Load data into BigQuery (AWS S3 to BigQuery ingest manager with Node.JS)
Create documented data transformation pipelines with Git, CI/CD. For example, with Dataform
Simplify and automate deployment with Cloudformation or Terraform (Infrastructure as a code)
Create BI reports with Google Data Studio (for example, revenue reconciliation, etc.)

Image by author @mshakhomirov

MODERN DATA STACK TOOLS (not a complete list of course):

Ingestion: Fivetran, Stitch

Warehousing: Snowflake, Bigquery, Redshift

Transformation: dbt, Dataform, APIs.

BI: Looker, Mode, Periscope, Chartio, Metabase, Redash

Image by author @mshakhomirov

Talking about data extraction and ingestion you would want to use paid and managed tools like Fivetran or Stitch to extract data from any arbitrary data sources (i.e. Payment merchant providers, Exchange rates, Geocoding databases, etc.) but if you follow this tutorial you will become totally capable of doing it yourself.

Real life scenario for Data Engineers

Imagine you are a Data Engineer

You are working on a project connecting various data sources into your data warehouse in BigQuery.

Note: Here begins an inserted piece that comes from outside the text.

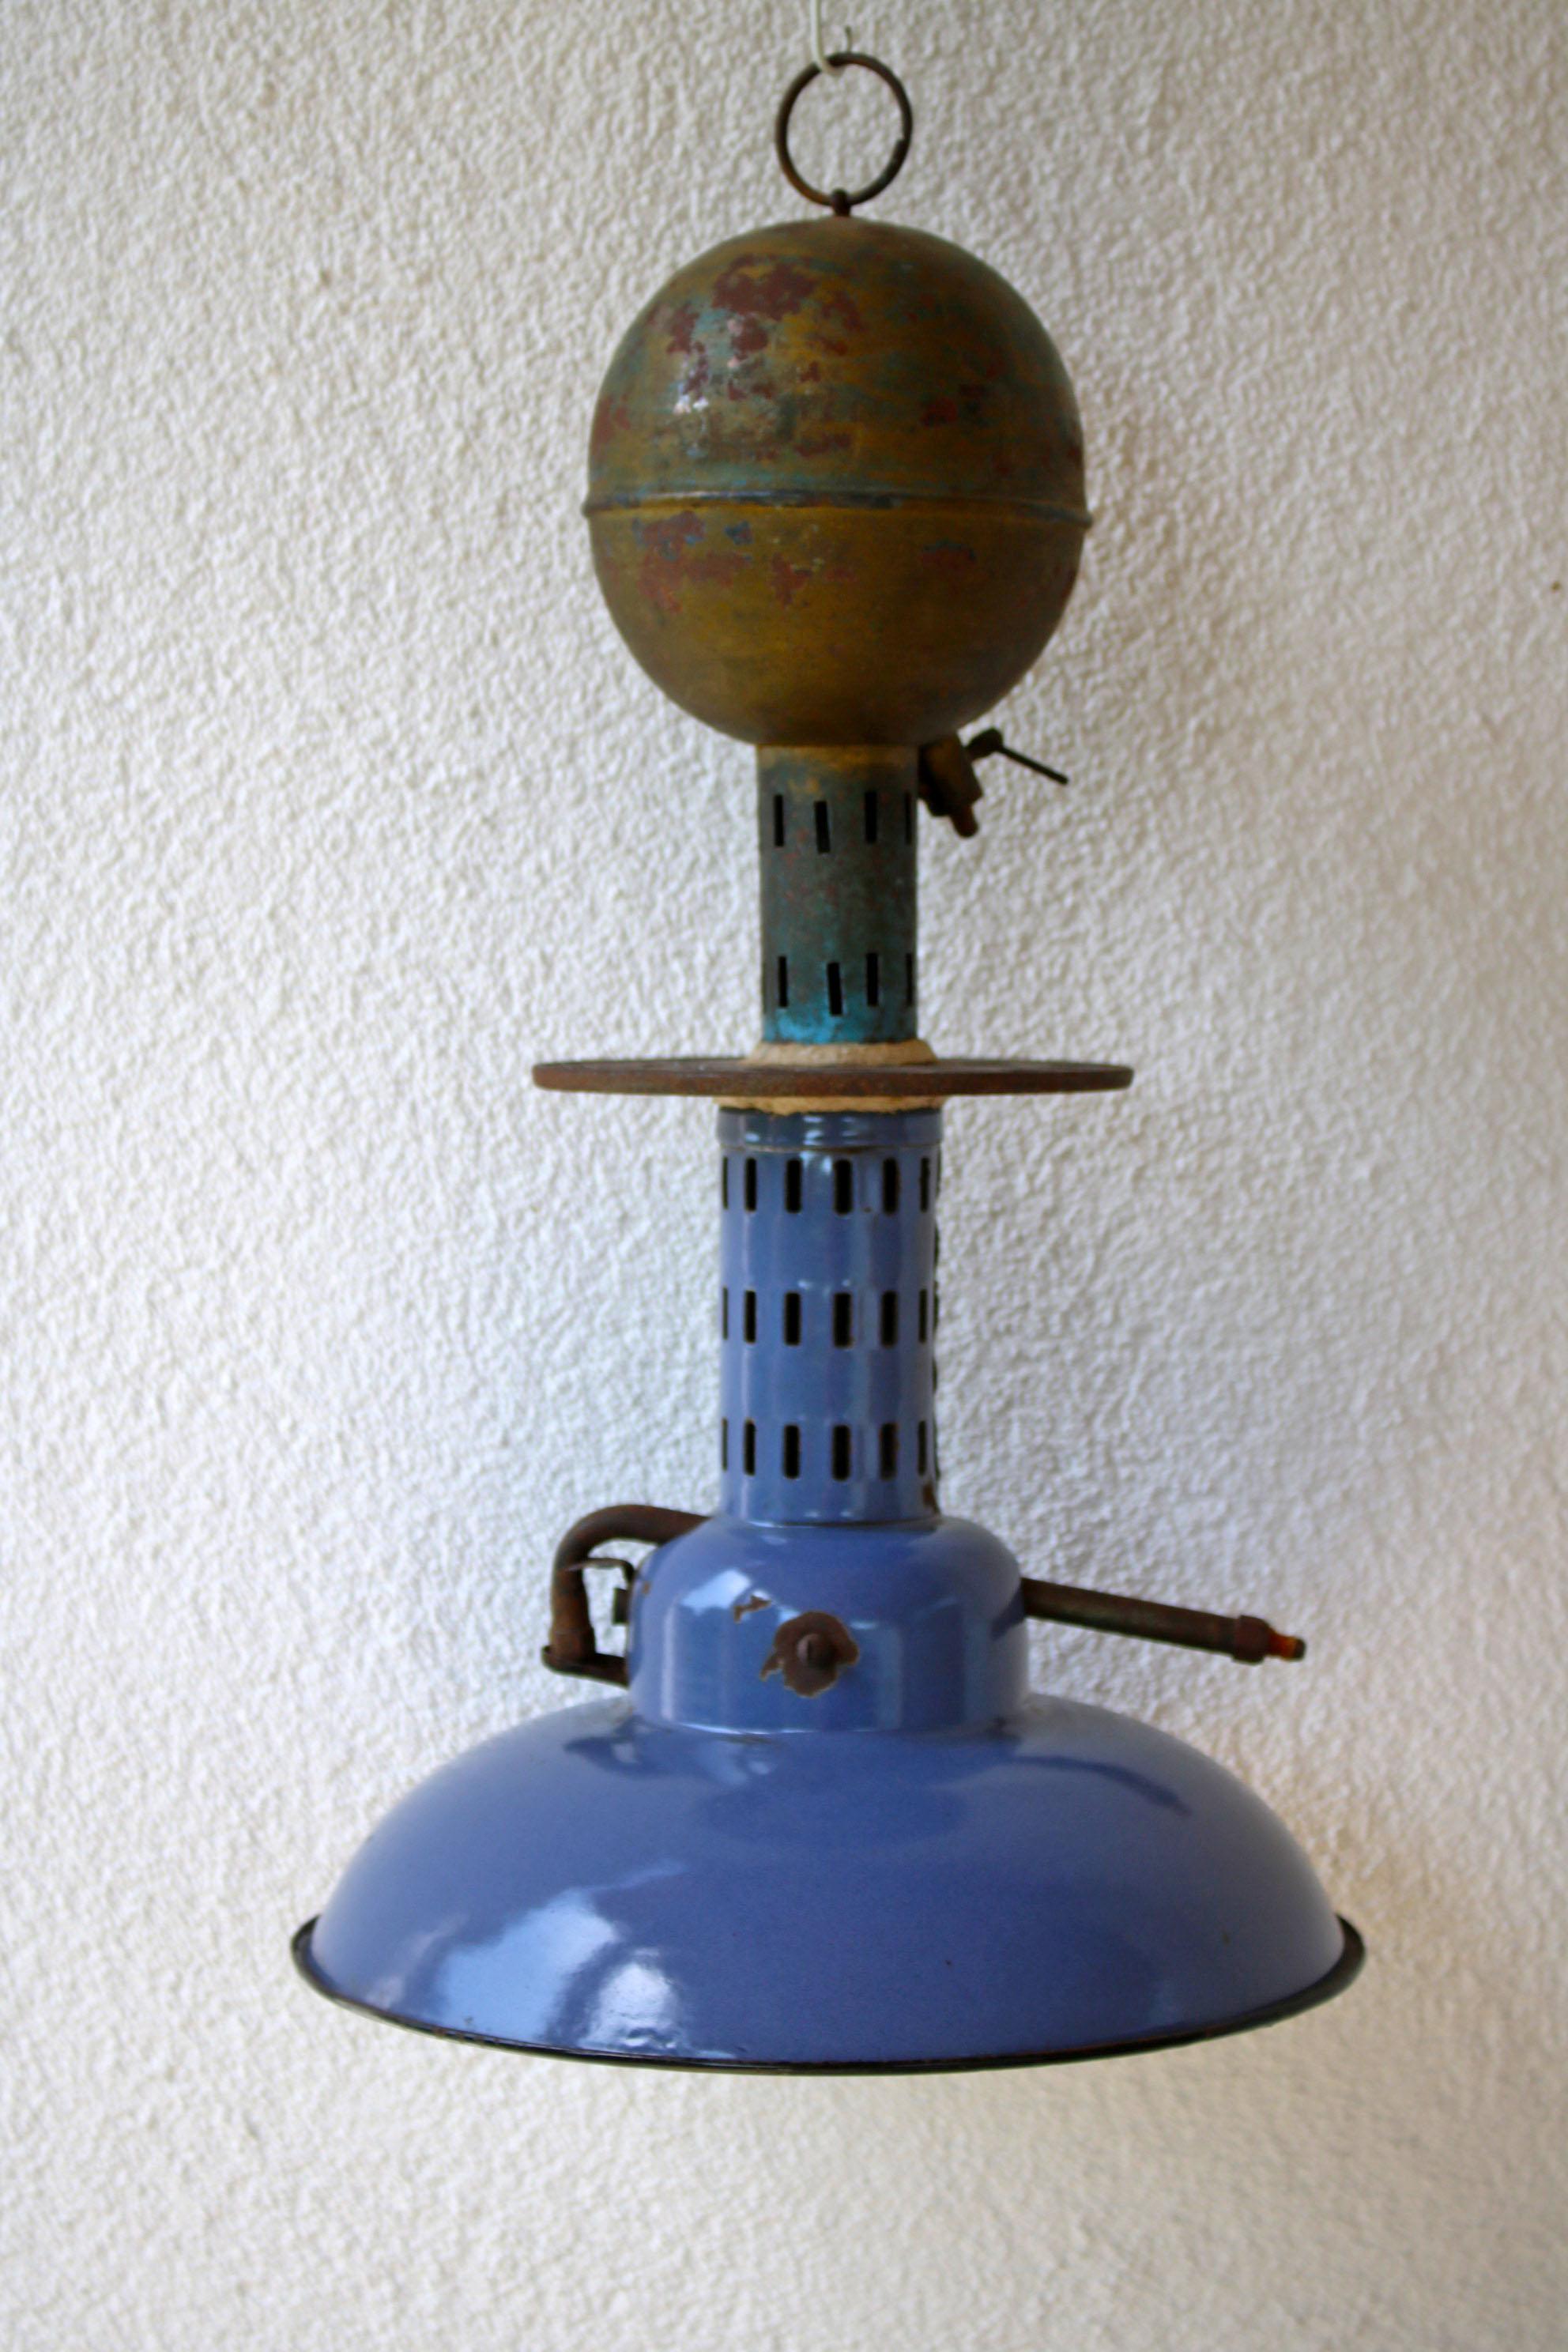 Il s'agit d'une belle lampe suspendue de la fin du 19e siècle, avant l'invention de l'électricité, qui utilise un combustible liquide. L'abat-jour est magnifiquement émaillé - la lampe est dans son état d'origine.

Your company is a mobile game development studio and have various products being sold on both platforms, IOS and ANDROID.

YOUR STACK

Your dev stack is hybrid and includes AWS and GCP. Your team use Node.js a lot.

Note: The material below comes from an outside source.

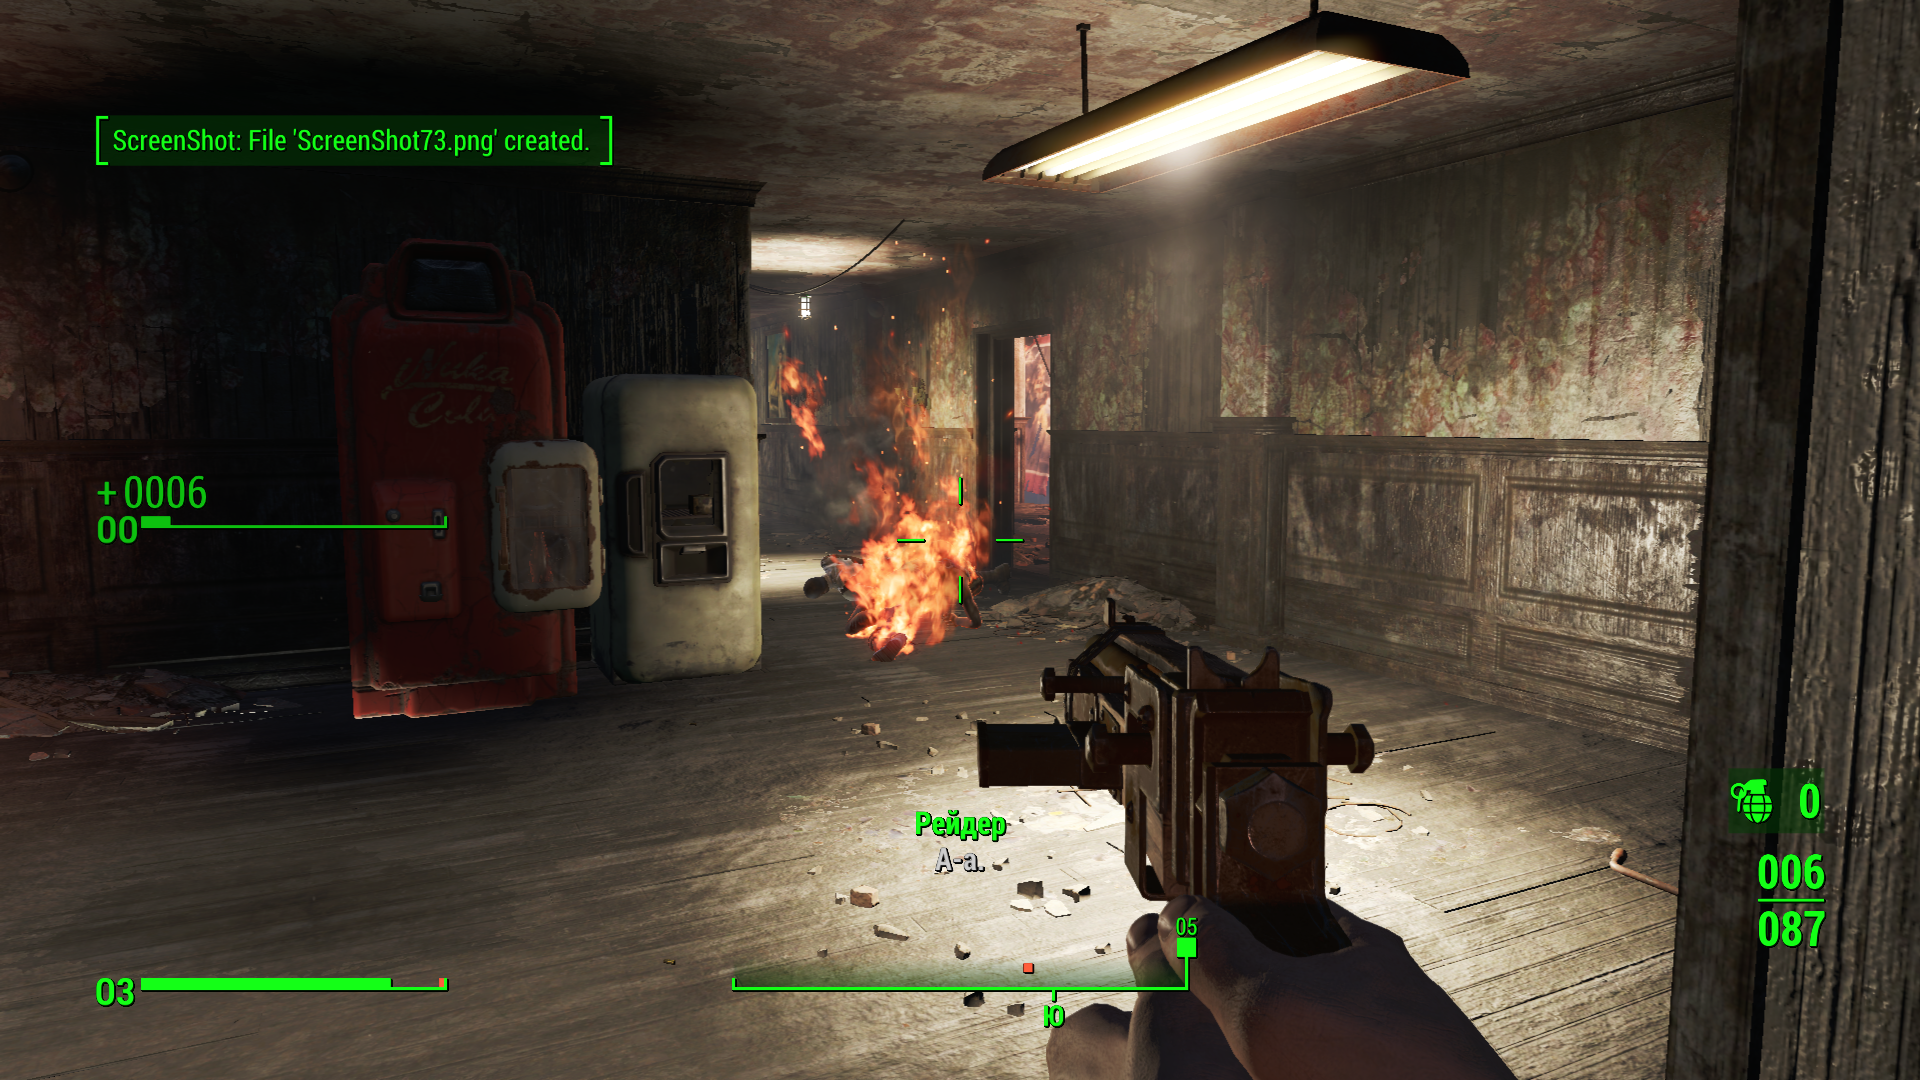 Полный обзор игры Fallout 4 от iGamesWorld: Почему Fallout 4 хорошее РПГ?

Data science team use Python but server and client data pipelines are being created using Node.

Your data stack is modern, event-driven and data intensive.

Data warehouse solution must be cost-effective and flexible enough so you could add any data source you need.

It must be able to scale easily to meet growing data you have.

THE TASK

All data comes from files from varioius data surces, i.e. databases, kinesis firehose streams and various notification services. It is being stored to your Cloud Datalake in different formats (CSV, JSON, PARQUET, etc.).

As a data engineer you were tasked to create a new data pipeline to feed financial data from PayPal into the data warehouse. Finance team will use it to analyse revenue reconciliation reports in Google Data Studio daily.

You decided to use AWS Lambda functions and Node.js to extract data daily from PayPal transaction API and save to AWS S3 first.

Image by author @mshakhomirov

This simple pipeline will ensure data is saved and prepared for loading into BigQuery later where it will be organised into tables.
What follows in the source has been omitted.